TM029 Pyret and Google Sheets (Part 2)

Sam Dooman edited this page Nov 10, 2016 · 5 revisions

Pyret and Google Sheets (Part 2)

If you're reading this before completing Part 1, here is a link to Part 1.

This page serves as a tutorial for creating tables in Pyret from data contained in Sheets documents in your Google Drive. If you are unfamiliar with Sheets, Sheets is Google's free spreadsheet software. After this tutorial, you will be able to import tabular data from Sheets documents and manipulate it with Pyret. Warning: This tutorial is still under development, so the content is subject to change.

Table of Contents

0. Terminology

Terminology Meaning
Sheets Google's spreadsheet software
Sheets document A file to be opened in the Sheets software
sheet A single page containing tabular data within a Sheets document
Sanitizer A function the table loader uses to load inconsistently formatted data in a standard way

1. Sanitizing Data

NOTE: If you are not familiar with Pyret's primitive values and data types, please review them here before continuing the tutorial.

We've successfully loaded a small, organized example dataset. Unfortunately, when using real world data sets, it won't always be this easy. For this next exercise, add the following row to your music Sheets document:

Now, when you run your program, you should see this error message:

Pyret is smart. It tries to infer what kind of data is in each column. When loading the table, Pyret will infer from the first few entries in the plays column that it contains Numbers. When loading the entry in our new row, Pyret has to throw an error because "--" isn't a Number, it's a String!

This may seem like a contrived example, but in real world data sets, inconsistencies like this happen all the time. Entries are left blank, entries that are supposed to be numerical use "n/a", "null", or "--" to represent 0, etc. What's worse is data sets often have hundreds of thousands of rows, with too many inconsistencies to manually fix.
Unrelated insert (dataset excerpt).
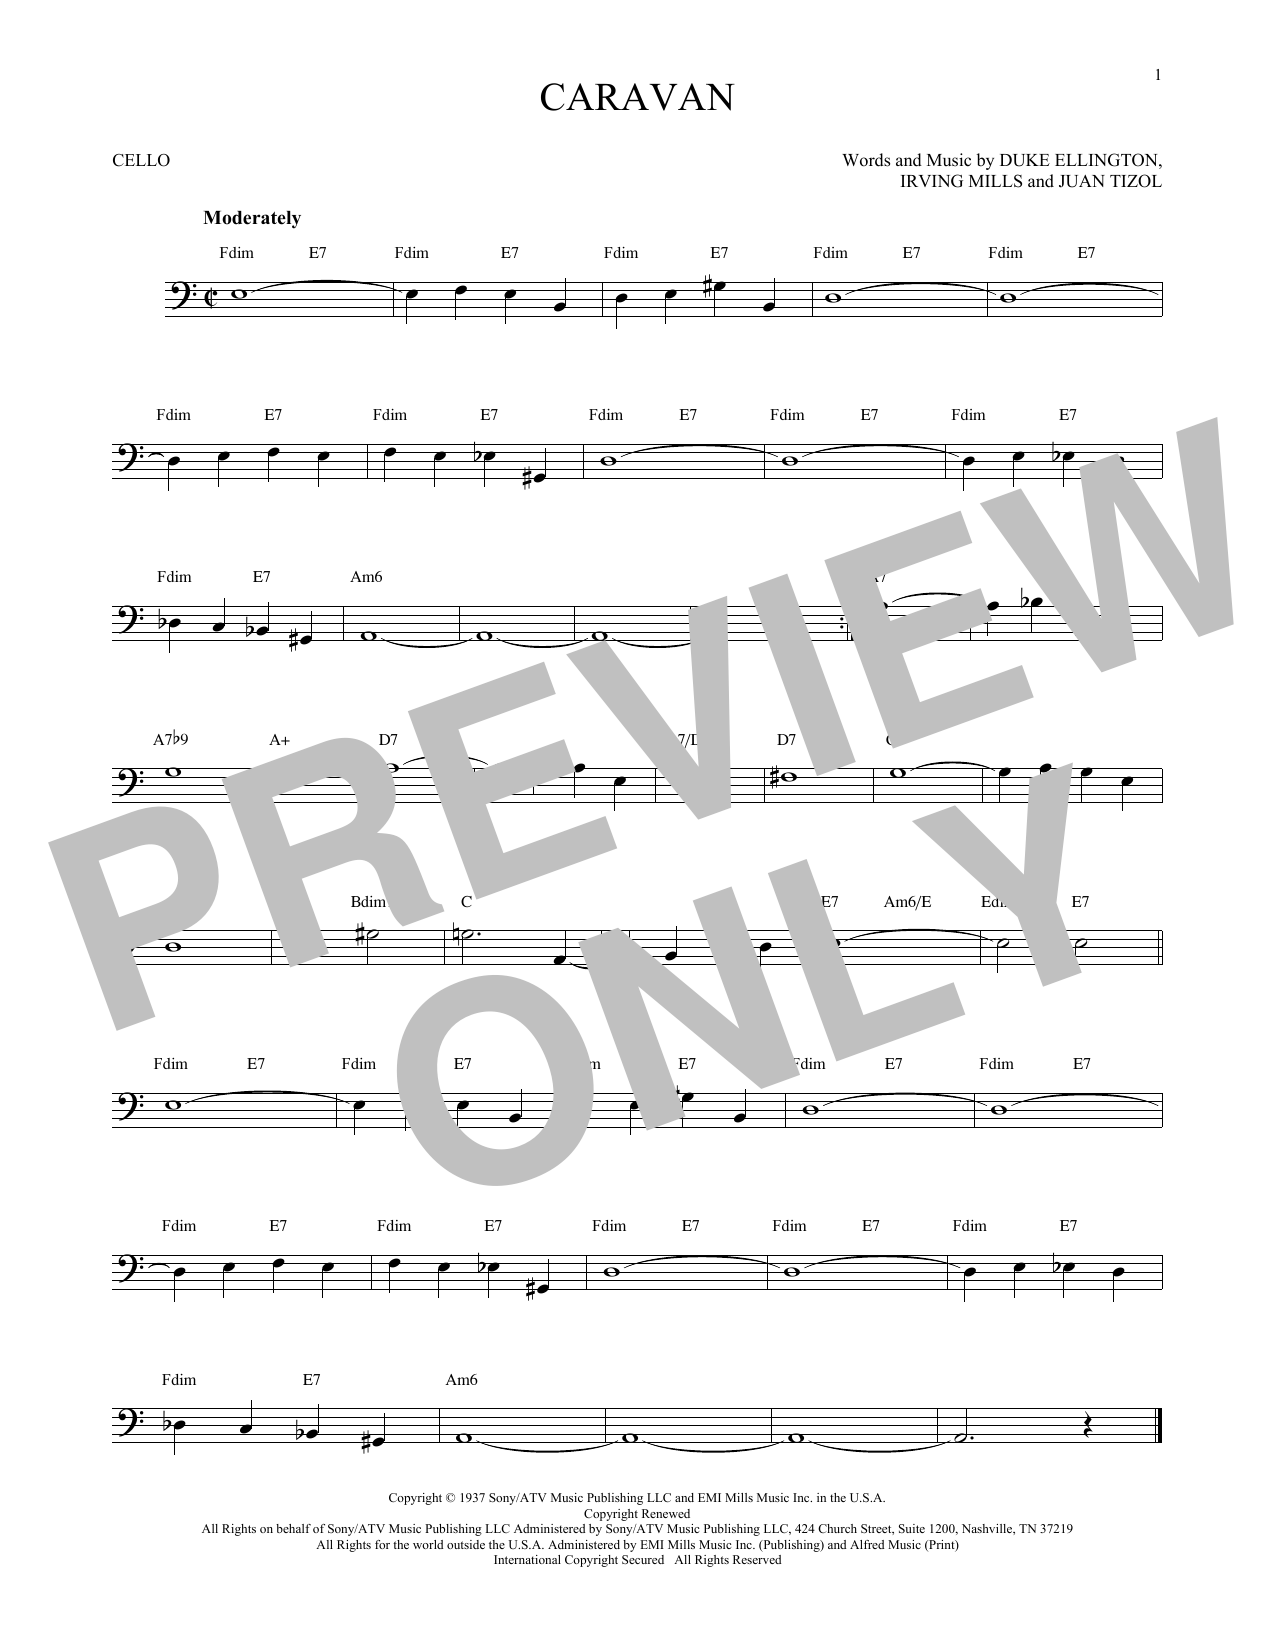 Juan Tizol & Duke Ellington Caravan Sheet Music Notes & Chords for Clarinet - Download or Print PDF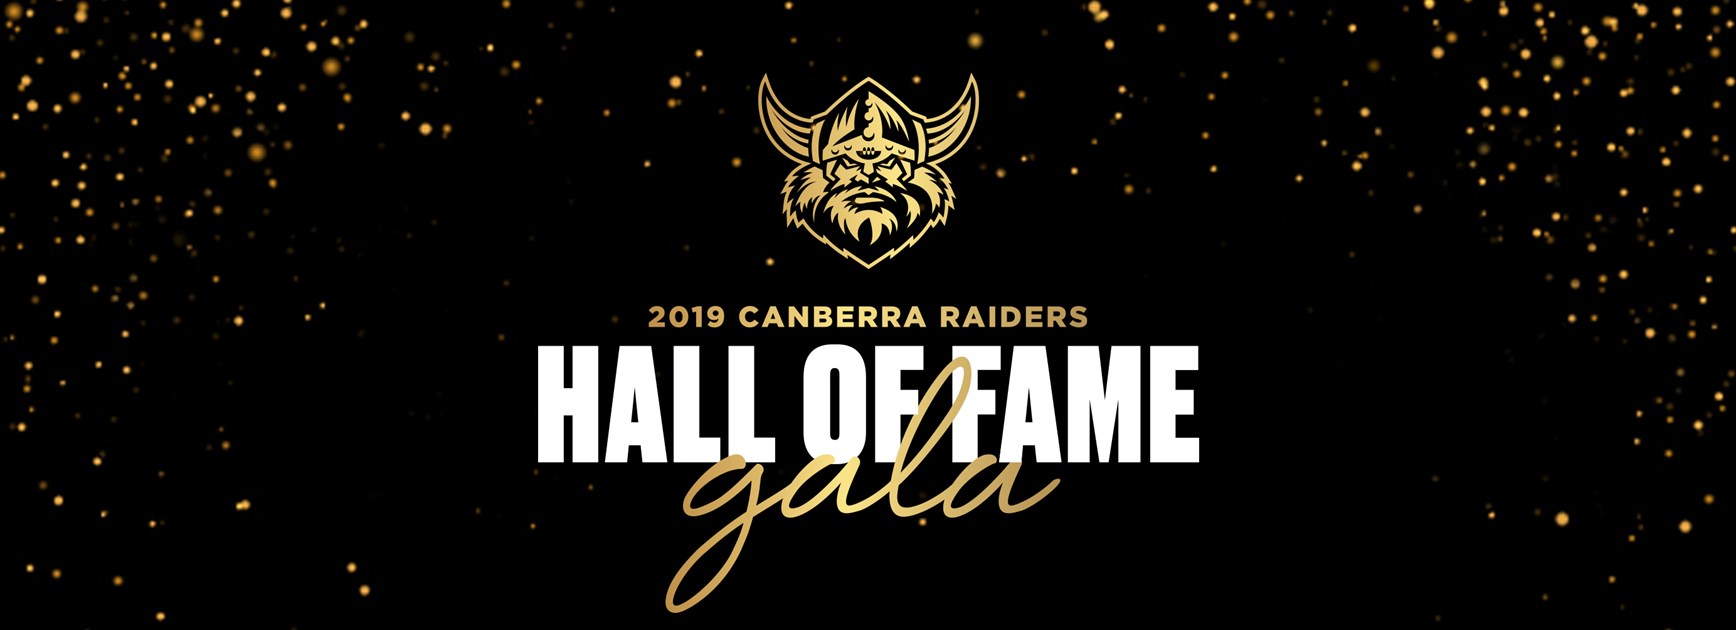 Canberra Raiders host inaugural Hall of Fame Gala

Luckily, Pyret has a way to clean up these messy data sets: Sanitizers! Sanitizers are functions applied to each entry of a column during the table loading. These functions allow the programmer to clean up messy data entries by specifying the how to interpret data that doesn't satisfy the inferred type.

First, add the following code to the top of your program file:

import data-source as DS

This library contains all of Pyret's built in sanitizing functions. Here is the source code, which lists all of Pyret's built in sanitizing functions.

Next, modify your previous table loading code to include a sanitizing function:

music-sheet = load-table: title, artist, album, plays
  source: music-sheets-doc.sheet-by-name("Sheet1", true)
  sanitize plays using DS.string-sanitizer
end

Now, when running your program, you'll see that all of the entries in the plays column are treated as Strings (they have quotation marks now!)

Using a string sanitizer allows our code to compile, but there's a problem: plays should contain numbers, so that we can extract this column as a list and perform operations on it. In an ideal situation, we could tell the table loader to turn all instances of "--" into 0s, since it represents a play count of 0. Here's where we use one of Pyret's handiest features: we can define our own custom sanitizer as a function!

First, add this code to the top of your program. This will allow us to use Pyret's implementation of an Option data type (for more information on Options, read this article).

import option as O

Next, we're going to define this custom sanitizer:

fun plays-sanitizer(x, row, col):
  cases(DS.CellContent) x:
    | c-str(s) =>
      cases(O.Option) string-to-number(s):
        | none => 
          if s == "--":
            0
          else:
            raise("cannot convert this string to number of plays")
          end
        | some(n) => n
      end
    | c-num(n) => n
    | c-bool(b) => raise("cannot convert boolean to number of plays")
    | c-custom(datum) => raise("cannot convert this data to number of plays")
    | c-empty => 0
  end
end

There's a lot going on here, so we'll break it down line by line. First, every custom sanitizer must take 3 arguments: the value x in a particular table entry, and row, col which are the row and column of this entry, respectively.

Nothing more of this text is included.